Funds pulled around the globe

(30 January 2012 – Australia) Australian banks have aggressively cut exposure to European funds, pulling from Belgium, France and Spain. Europe’s banks have also cut more than US$8 billion (A$7.8 billion) worth of loans from the Australian economy.

Figures released last week from the Swiss-based Bank of International Settlement shows Australian banks increased their exposure to Italy by more than US$700 million in the September quarter.

Funds were also being shifted to Switzerland, which is not a member of the euro zone.

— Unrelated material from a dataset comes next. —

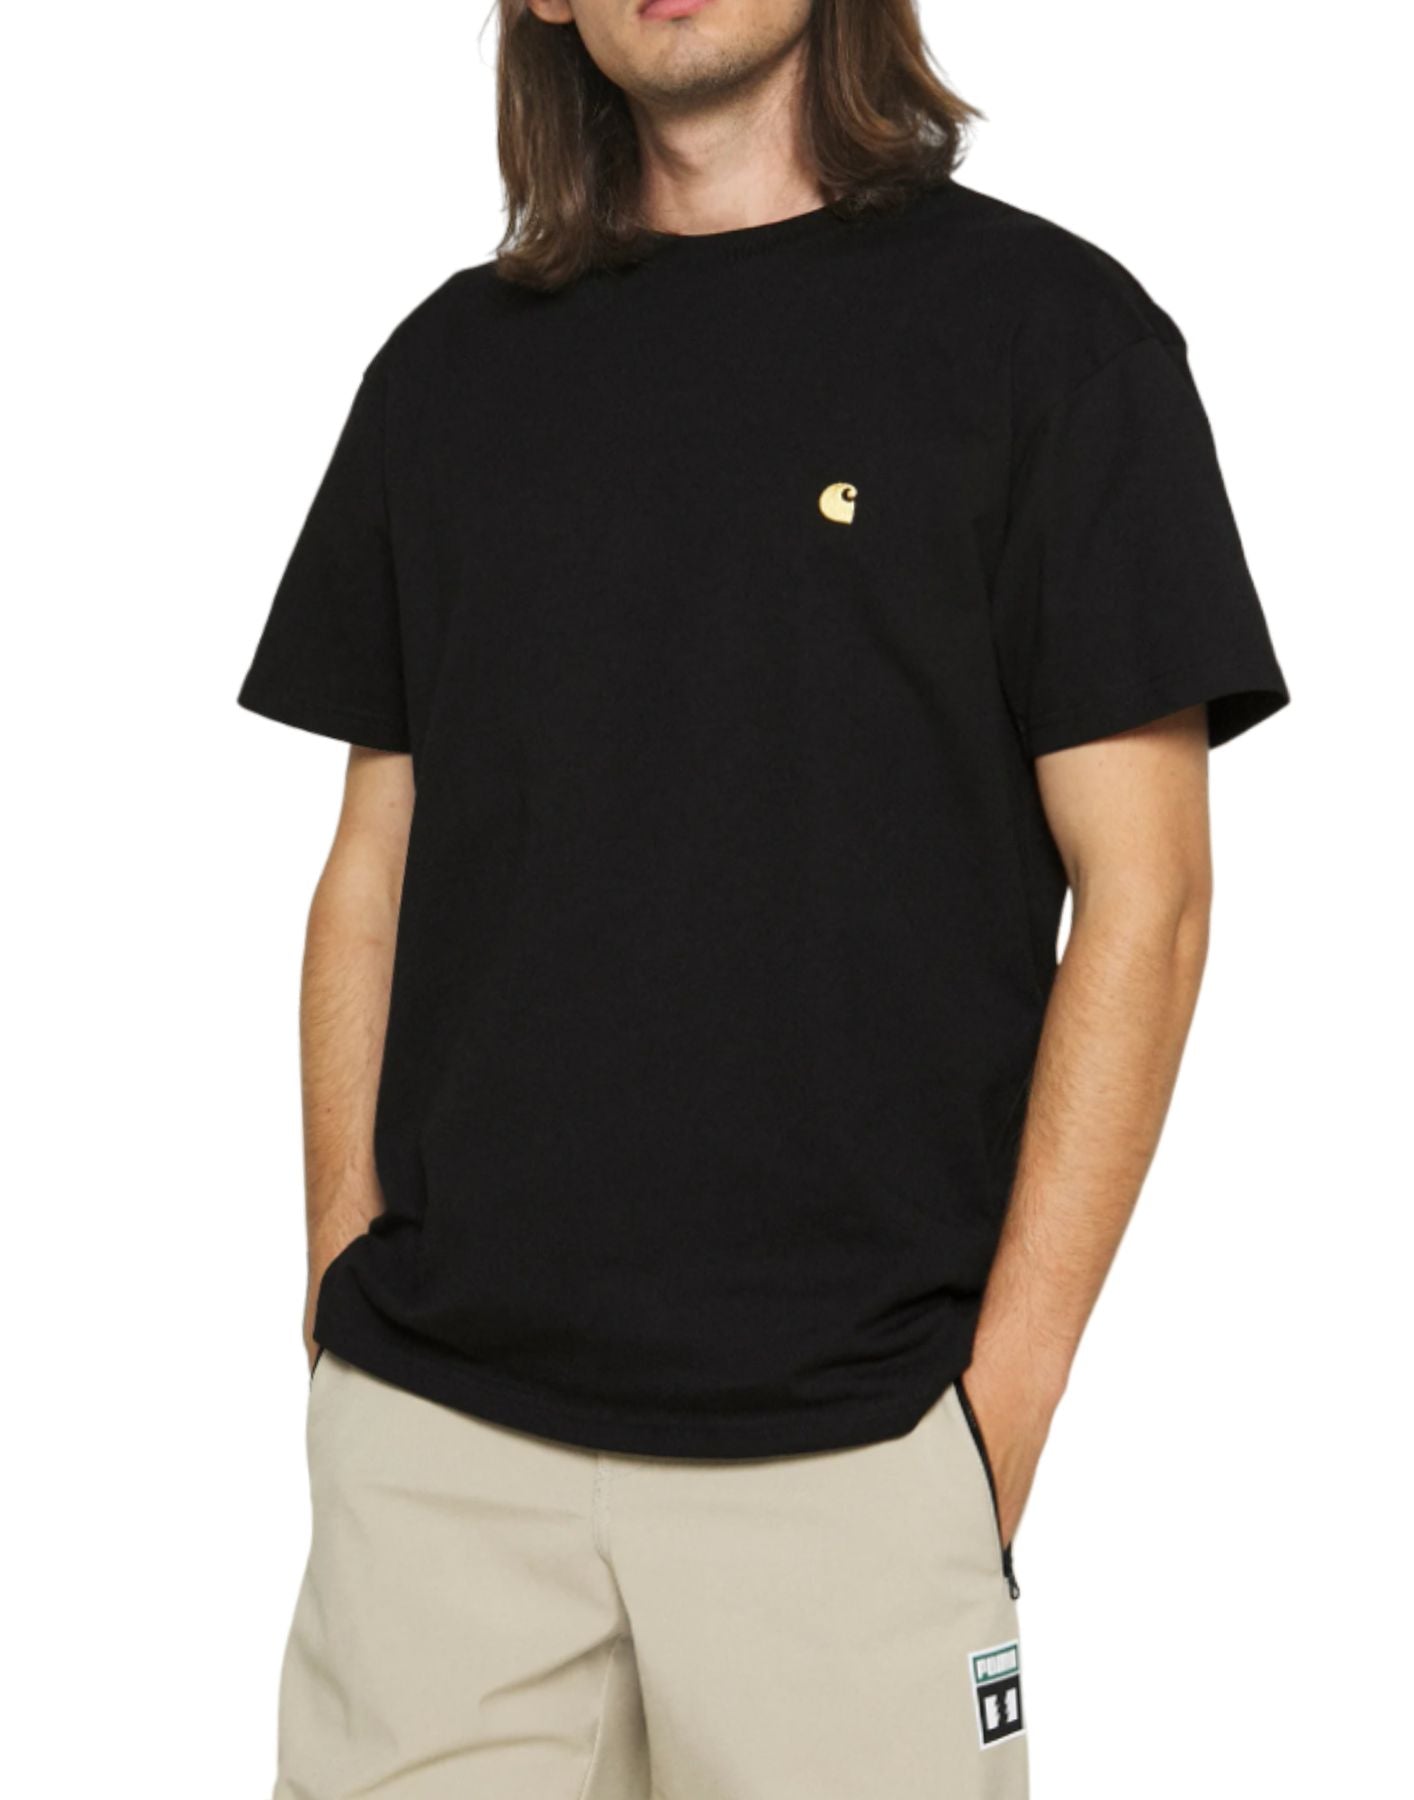 T-shirt pour l'homme i026391 noir CARHARTT WIP – Onyou

The most dramatic change has been with private and public debt in Spain, where Australian-bank exposure was cut to $US212 million at the end of September from a little over US$1 billion in the June quarter.

Australian banks cut their exposure to Portugal entirely during the second half of last year. And since the end of 2009, they have had no direct exposure to Greece.

Exposure to France fell slightly to US$11.6 billion at the end of September from US$11.7 billion three months earlier. Lending to Belgium, home to troubled bank Dexia, was cut by more than US$330 million.

Separate figures from the bank regulator, the Australian Prudential Regulation Authority, showed France's BNP Paribas shaved A$855 million from its direct lending book here over the past year. Societe Generale trimmed more than A$260 million in loans.

The APRA figures do not include syndicated loans.